Problem to work on: Could you restate the data below word for word, without its pictures?

Given material:
● ● ● ● ● ● ●

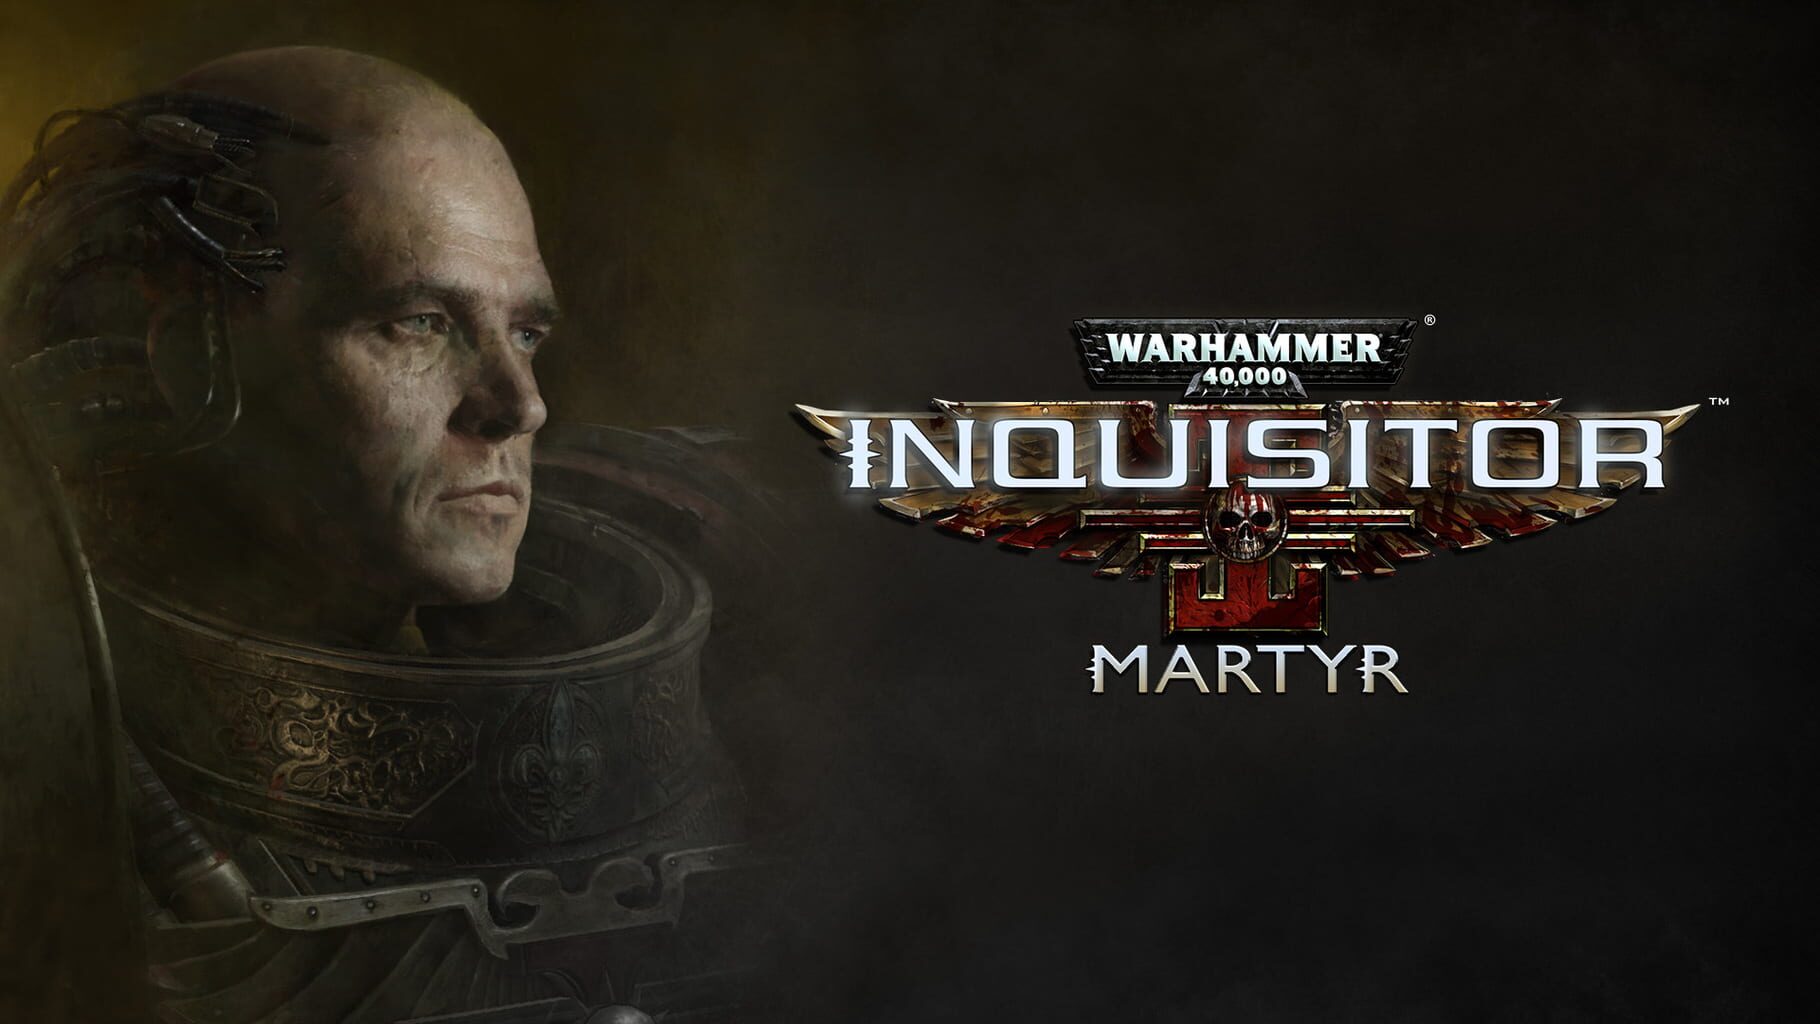 Arte - Warhammer 40,000: Inquisitor - Martyr
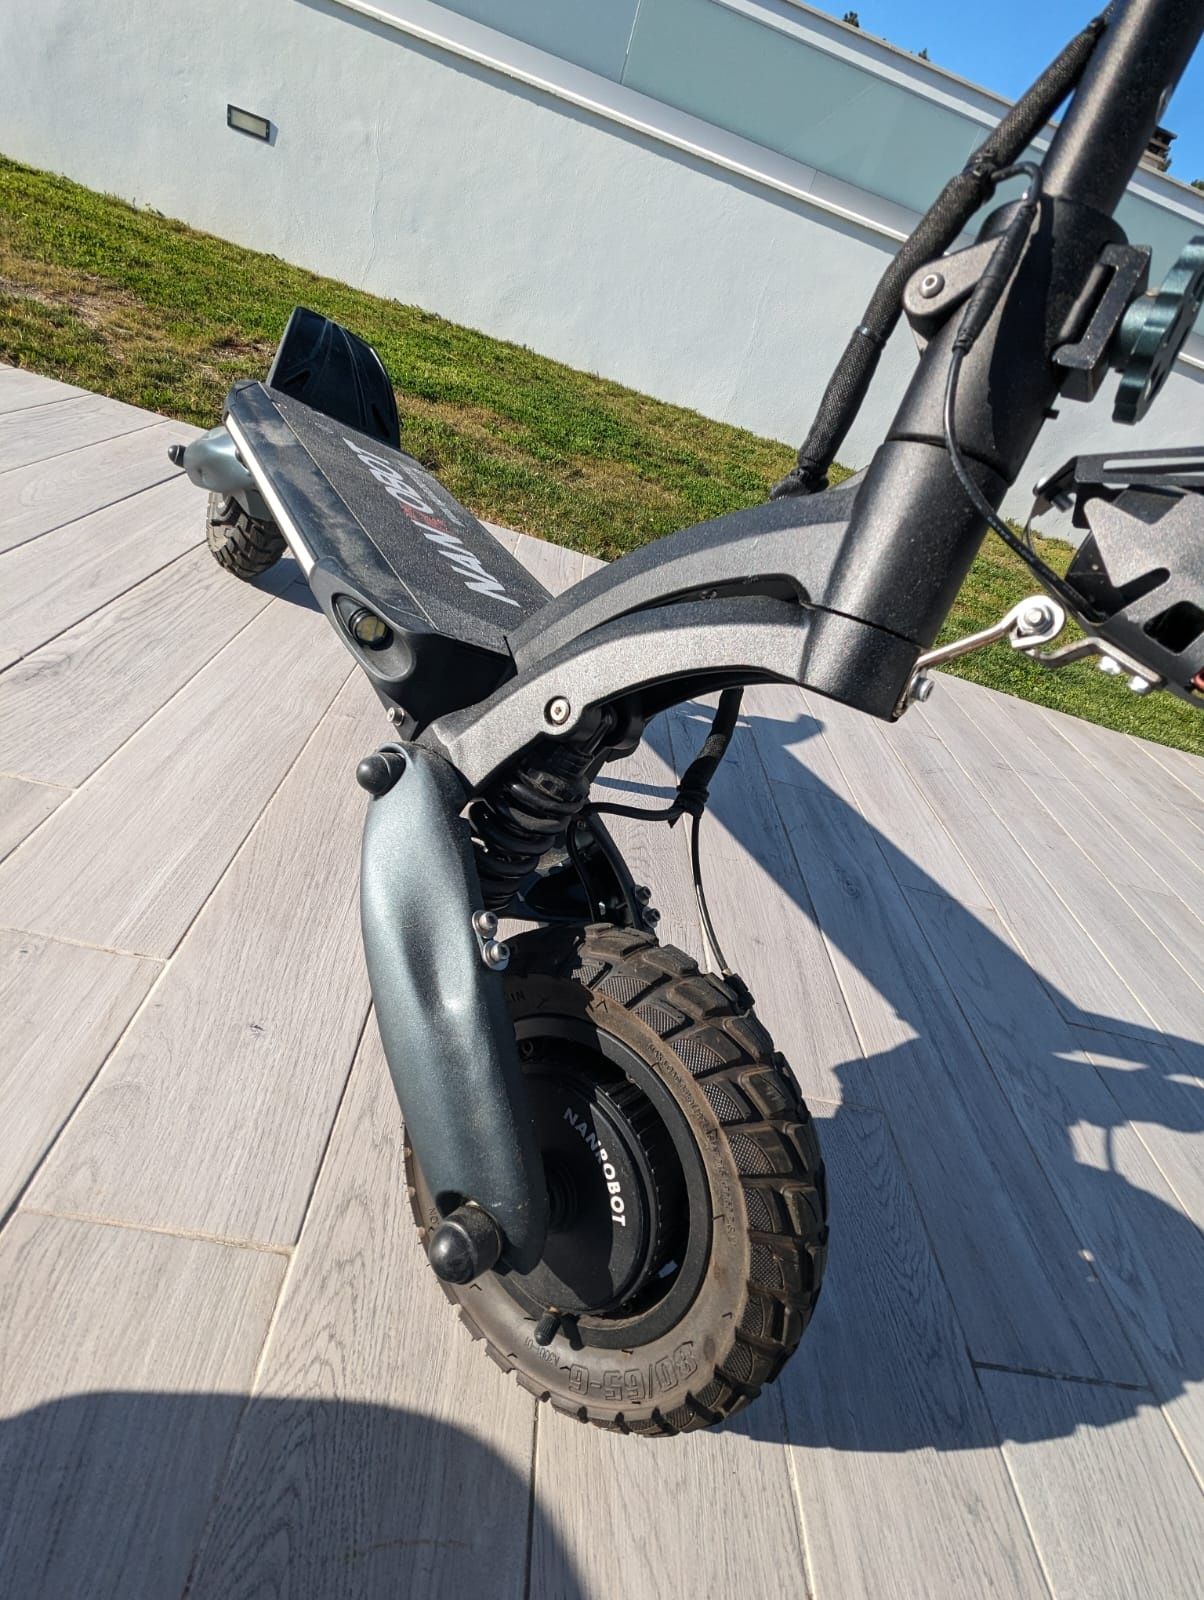 Trotinete Elétrica Nanrobot d6+ 2.0 - Vendo ou troco (bicicleta)
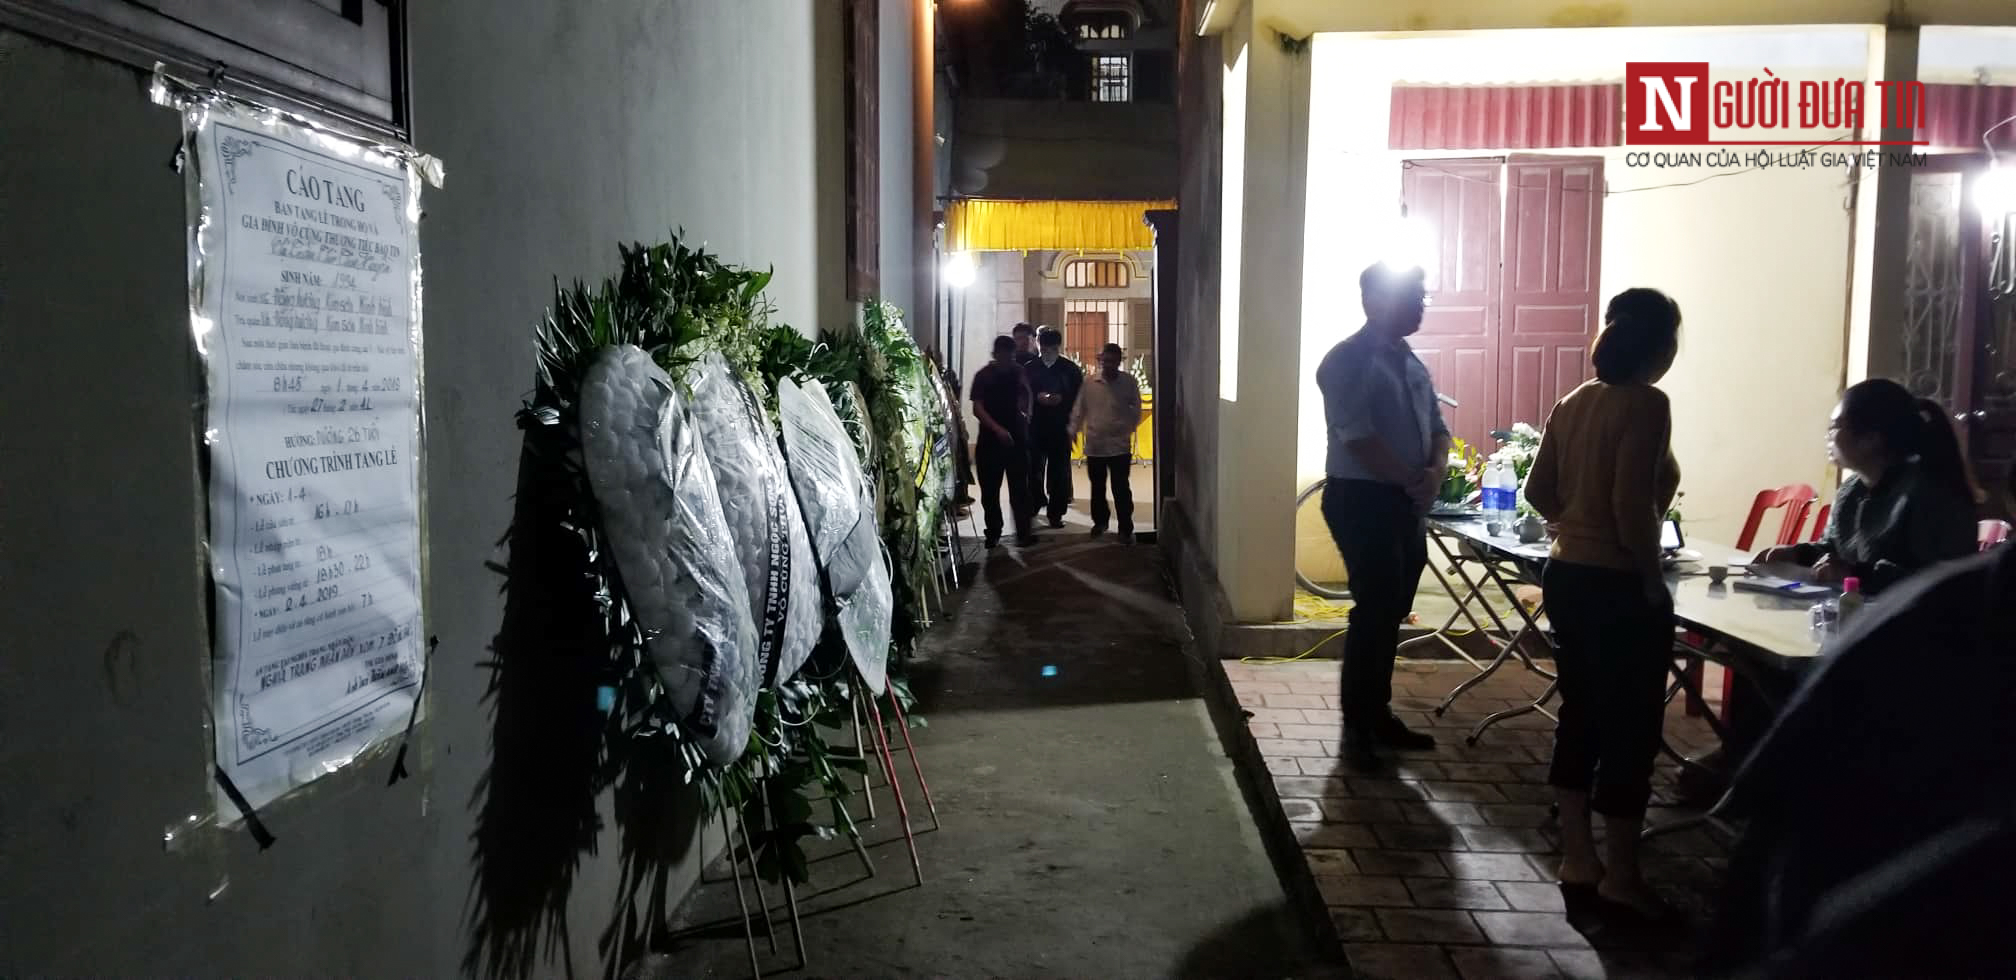 Nạn nhân Trần Thị Thu H. đang được tổ chức tang lễ tại nhà.

● ● ● ● ● ● ●

Result of the exercise:
 Arte - Warhammer 40,000: Inquisitor - Martyr
 Trotinete Elétrica Nanrobot d6+ 2.0 - Vendo ou troco (bicicleta)
 Nạn nhân Trần Thị Thu H. đang được tổ chức tang lễ tại nhà.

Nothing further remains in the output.